Kilka godzin po zakończeniu wyścigu sprinterskiego MotoGP w Austrii karny nałożył Jorge Martin. Panel Stewardów FIM zdecydował o usankcjonowaniu jego wejścia w pierwszy zakręt pierwszego okrążenia, gdzie dotknięcie Fabio Quartararo spowodowało kraksę kilku kolarzy.
MotoGP, Jorge Martin: kara za długie okrążenie w gara
To, co zrobił Hiszpan z zespołu Pramac Racing, zostało uznane za „nieodpowiedzialną jazdę” i będzie go kosztować kara długiego okrążenia w jutrzejszym długim wyścigu. Zdecydowanie strata dla niego, który myślał, że uszło mu to na sucho po tym, jak nie otrzymał żadnej sankcji podczas dzisiejszego wyścigu.
Wielu było zdumionych, w tym Valentino Rossi, który oświadczył, że manewr ten zasługuje na miary. Oczywiście inni jeźdźcy również narzekali na zachowanie Martina.
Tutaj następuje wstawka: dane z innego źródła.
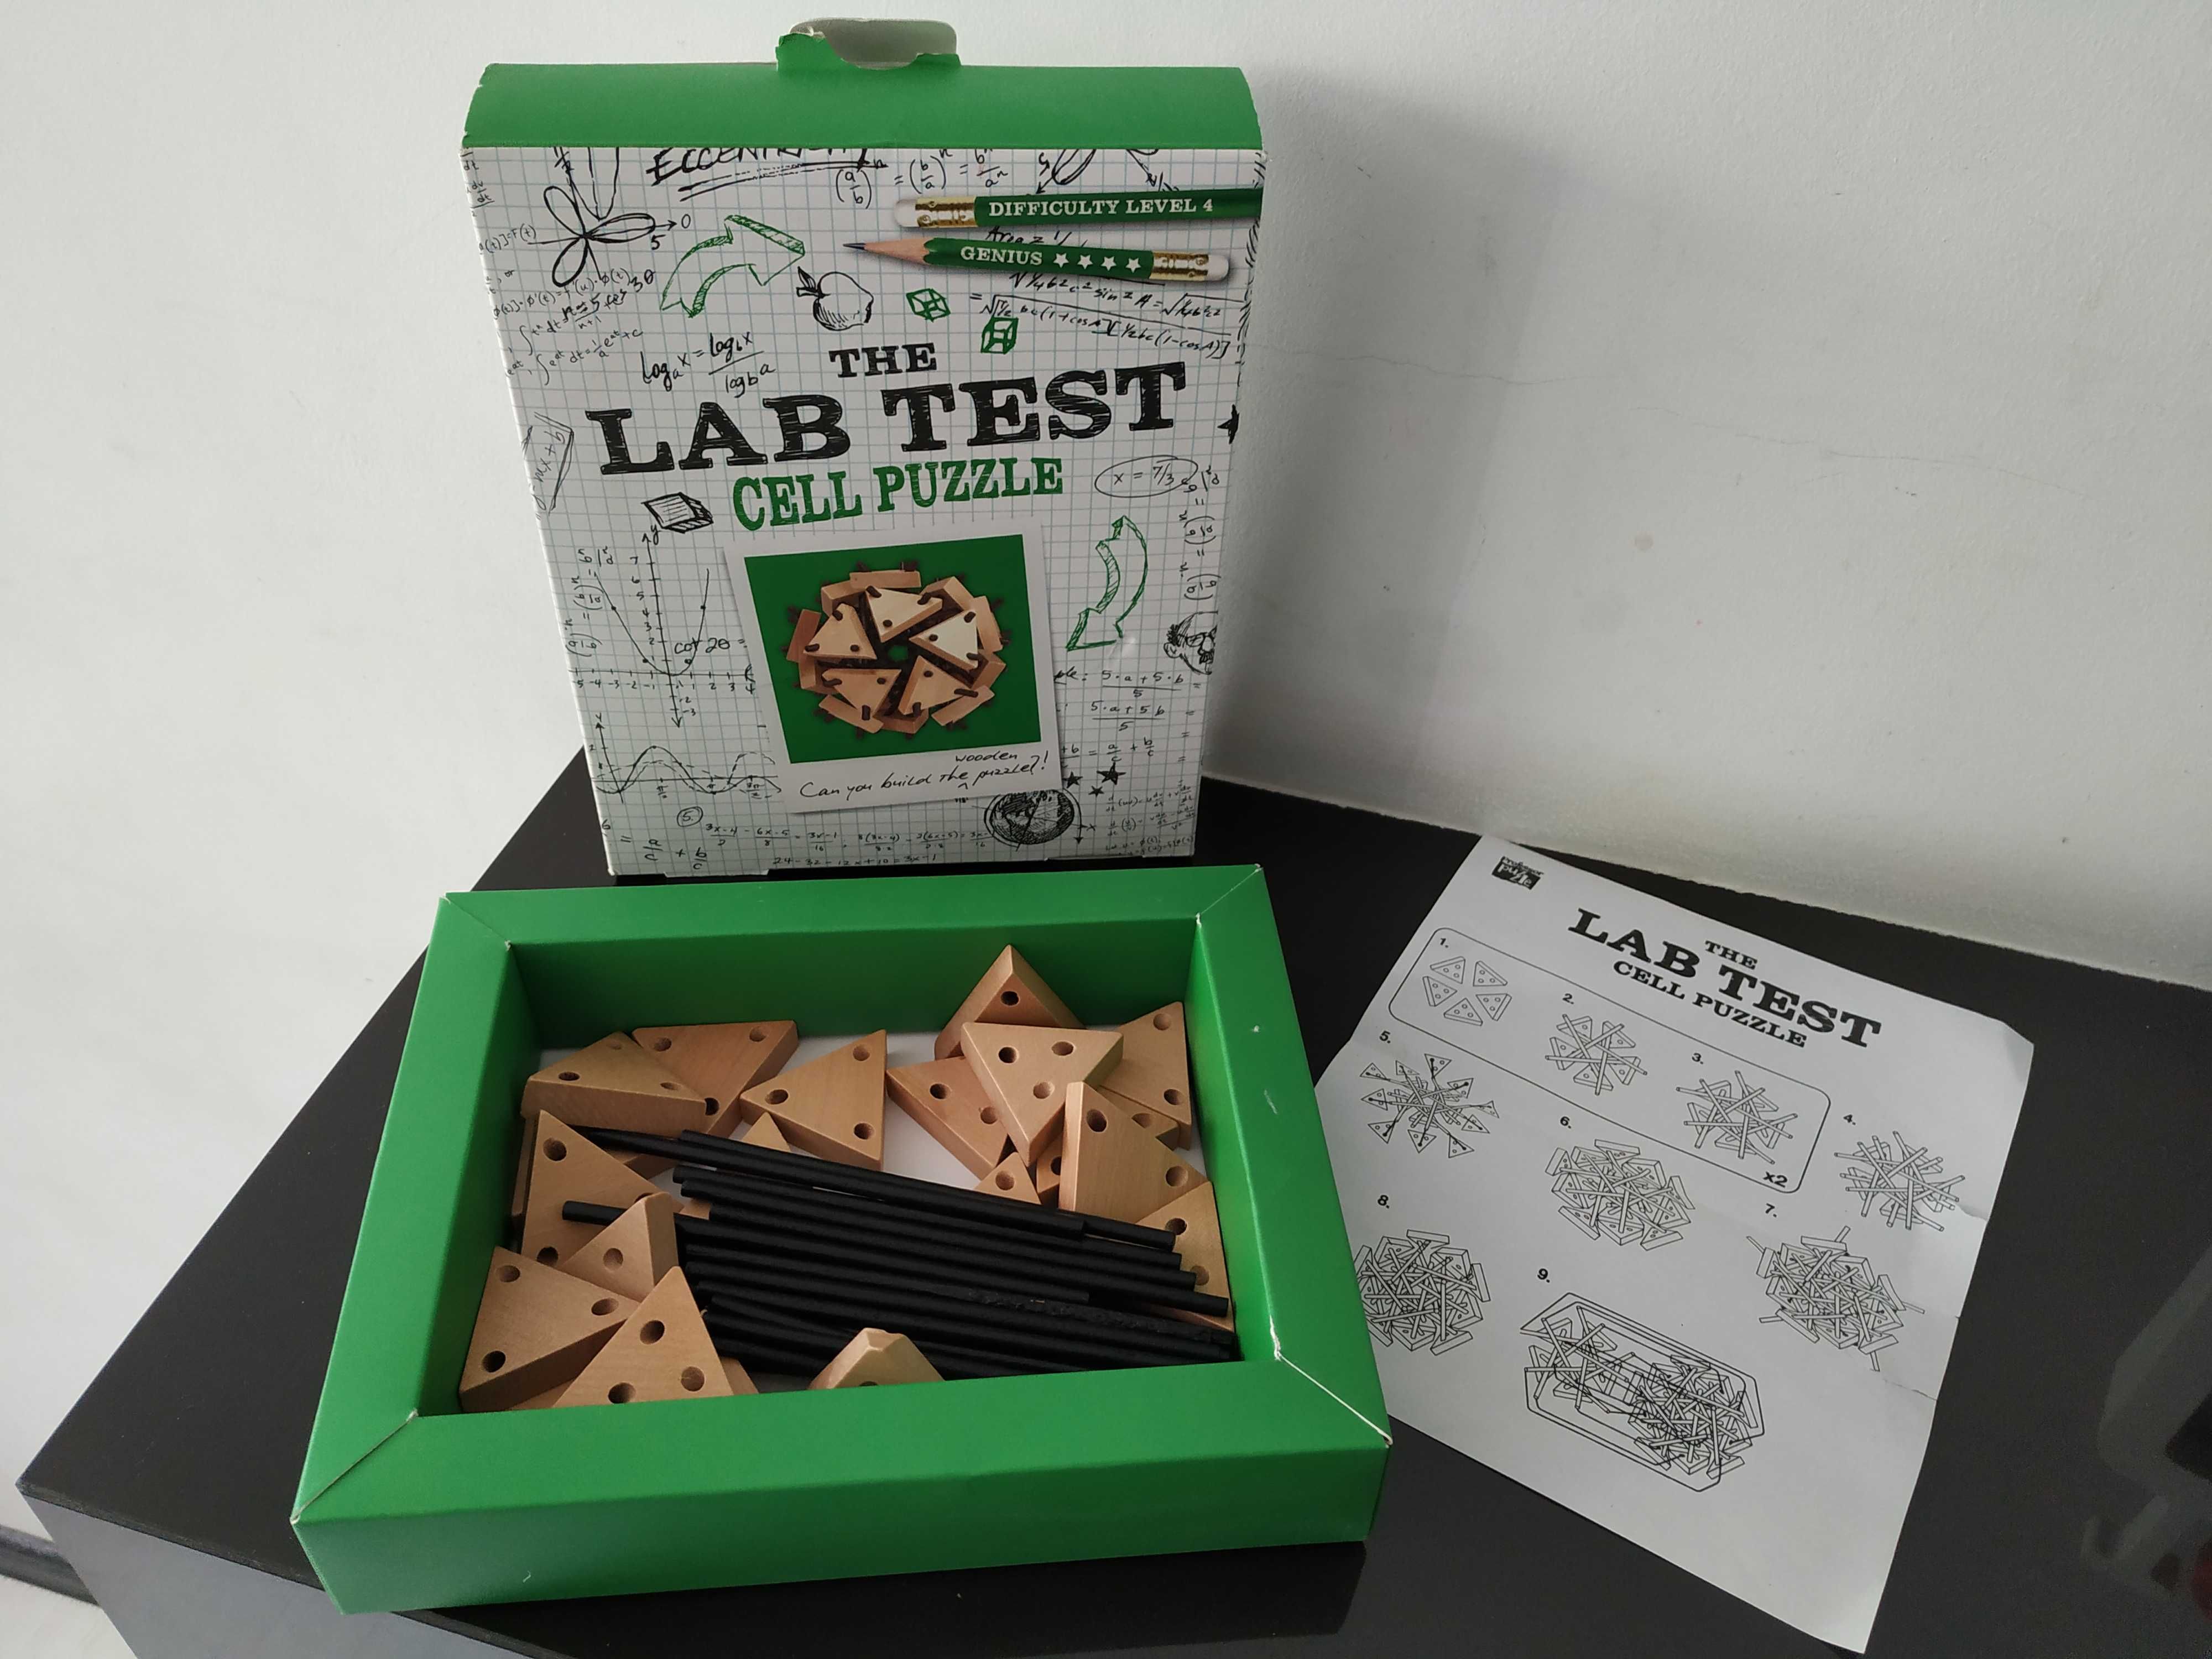 Головоломка Professor Puzzle Lab Test The Cell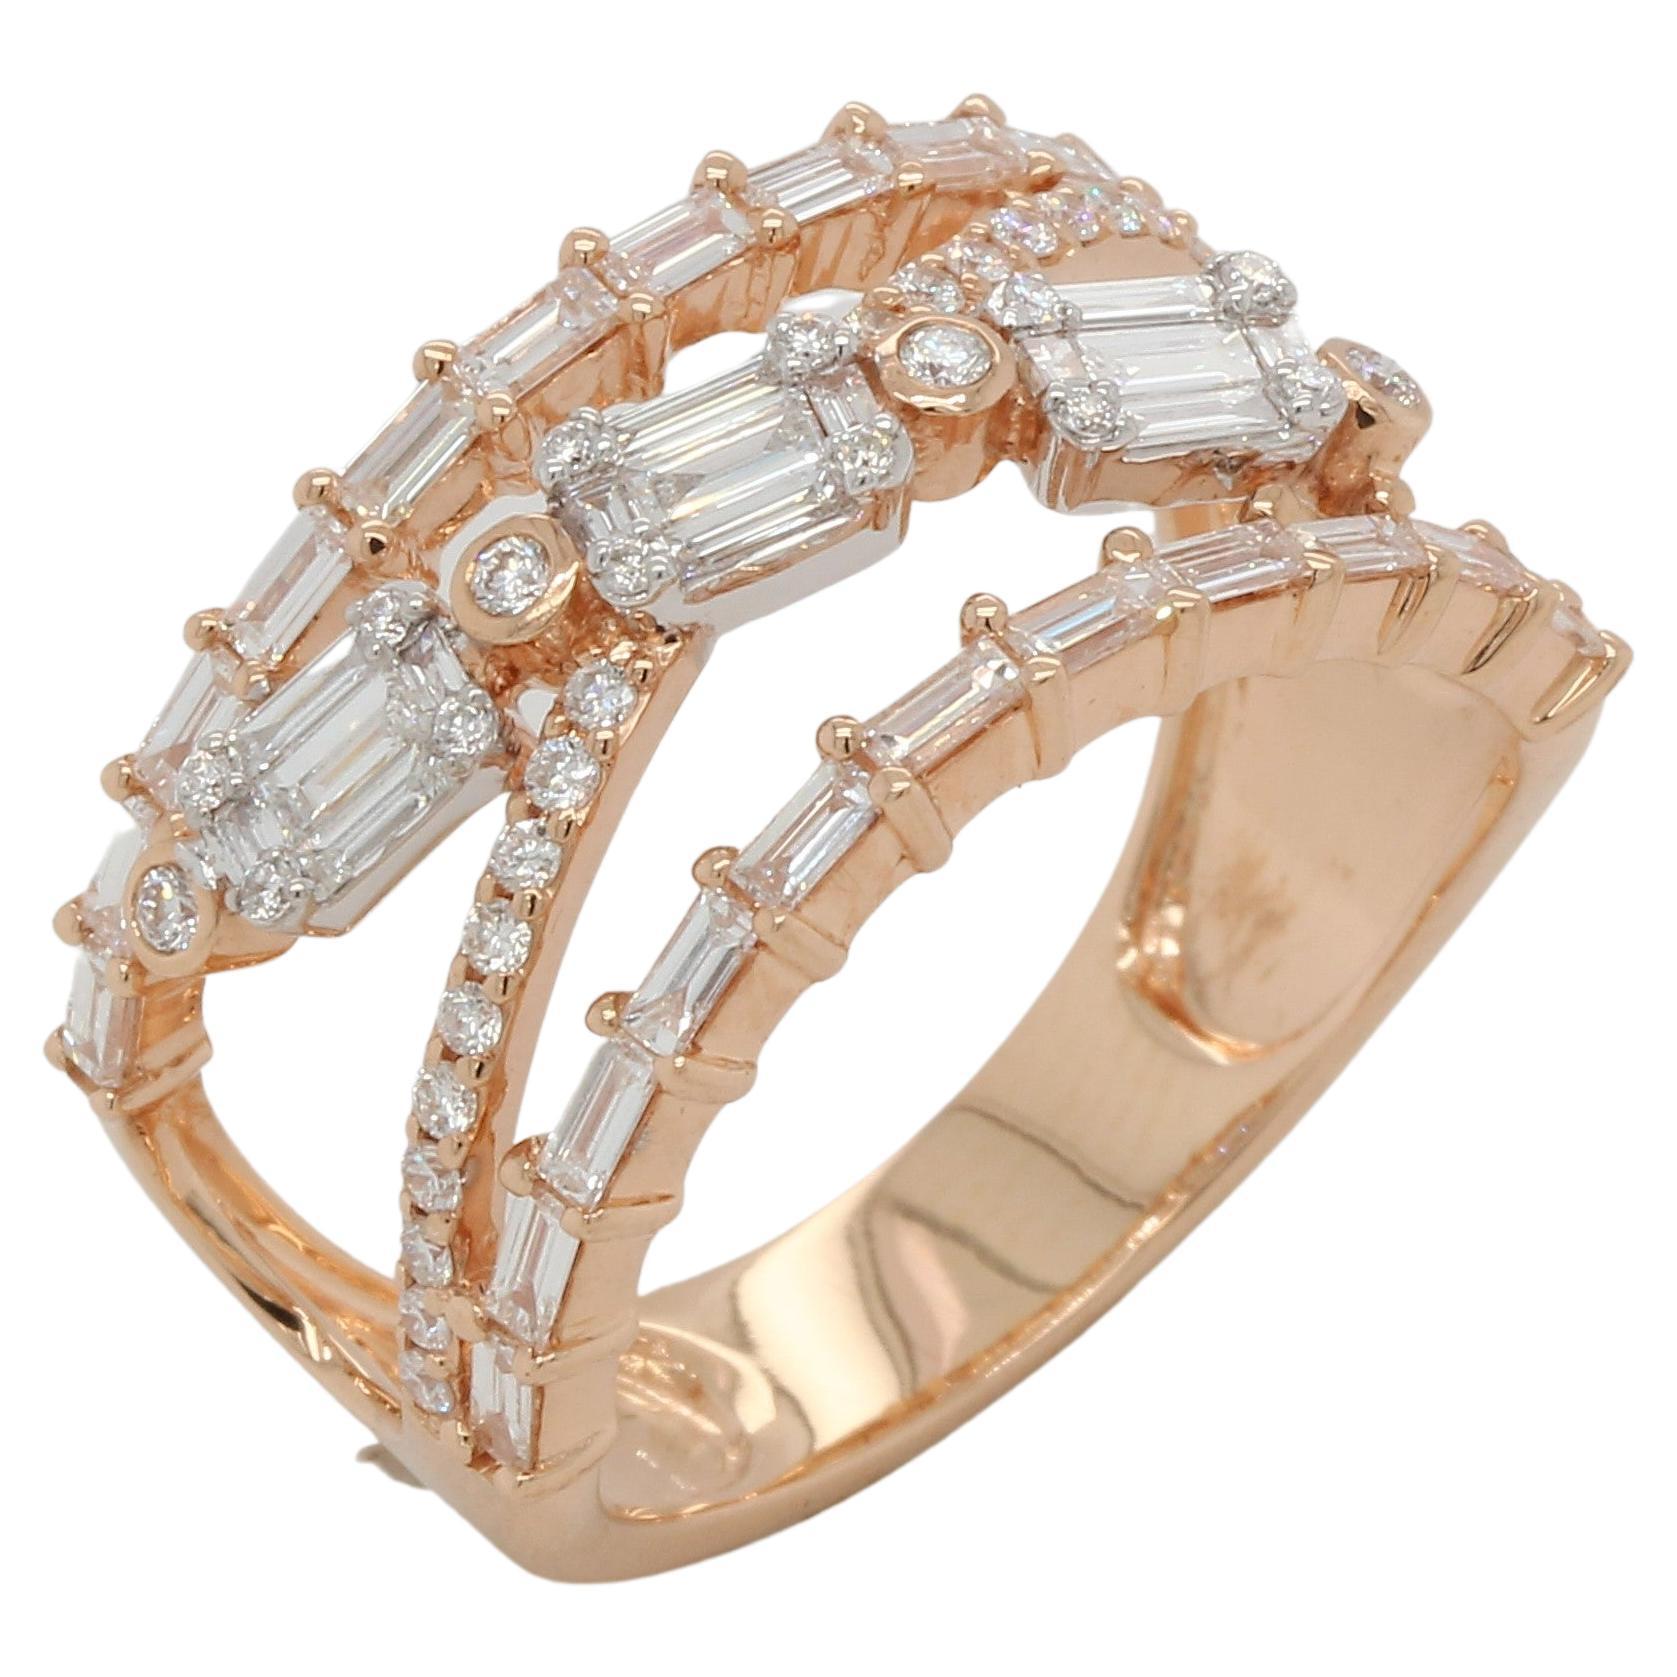 0.98 Carats Diamond Illusion Wedding Ring In 18 Karat Gold For Sale

Jednym z nich jest Luca Marini, z którym Hiszpan miał kolejny kontakt w dalszej części wyścigu. Kierowca zespołu VR46 rozbił się przy okazji, ale ten odcinek nie został uznany za sankcję.
Jorge w wywiadach posprinterskich jasno powiedział, że nie ponosi winy w żadnej z okoliczności, które postrzegały go jako bohatera. Teraz nie może zrobić nic innego, jak tylko zaakceptować, że został ukarany i dać z siebie wszystko.